• [What needs to be done]:
If a line in the data below includes the string "thumbnail", please return a copy of it.

• [Source data]:
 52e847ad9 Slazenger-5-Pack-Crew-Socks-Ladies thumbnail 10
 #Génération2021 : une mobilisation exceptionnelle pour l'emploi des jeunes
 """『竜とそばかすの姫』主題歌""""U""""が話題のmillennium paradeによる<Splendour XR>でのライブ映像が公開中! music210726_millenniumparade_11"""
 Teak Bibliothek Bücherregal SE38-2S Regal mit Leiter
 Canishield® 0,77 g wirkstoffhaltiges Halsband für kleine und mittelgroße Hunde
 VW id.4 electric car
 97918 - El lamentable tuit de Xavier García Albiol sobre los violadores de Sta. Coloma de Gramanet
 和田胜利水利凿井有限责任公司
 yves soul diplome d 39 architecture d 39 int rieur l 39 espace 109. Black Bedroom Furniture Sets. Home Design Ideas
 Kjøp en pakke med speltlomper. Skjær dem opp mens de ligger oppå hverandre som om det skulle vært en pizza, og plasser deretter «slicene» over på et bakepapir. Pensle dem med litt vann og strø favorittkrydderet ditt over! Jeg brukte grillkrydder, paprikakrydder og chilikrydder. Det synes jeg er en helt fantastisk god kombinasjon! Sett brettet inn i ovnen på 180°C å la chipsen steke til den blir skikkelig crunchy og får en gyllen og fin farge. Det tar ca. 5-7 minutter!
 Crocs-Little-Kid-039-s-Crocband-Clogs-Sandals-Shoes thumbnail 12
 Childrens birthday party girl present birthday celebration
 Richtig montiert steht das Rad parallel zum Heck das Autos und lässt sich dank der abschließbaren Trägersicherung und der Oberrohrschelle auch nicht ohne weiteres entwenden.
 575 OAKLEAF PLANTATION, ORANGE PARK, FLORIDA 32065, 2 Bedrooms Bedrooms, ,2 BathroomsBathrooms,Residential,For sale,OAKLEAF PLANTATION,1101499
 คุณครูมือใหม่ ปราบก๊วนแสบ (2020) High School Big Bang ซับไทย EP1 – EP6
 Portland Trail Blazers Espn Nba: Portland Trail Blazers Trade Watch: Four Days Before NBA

• [Solution to this task]:
 52e847ad9 Slazenger-5-Pack-Crew-Socks-Ladies thumbnail 10
 Crocs-Little-Kid-039-s-Crocband-Clogs-Sandals-Shoes thumbnail 12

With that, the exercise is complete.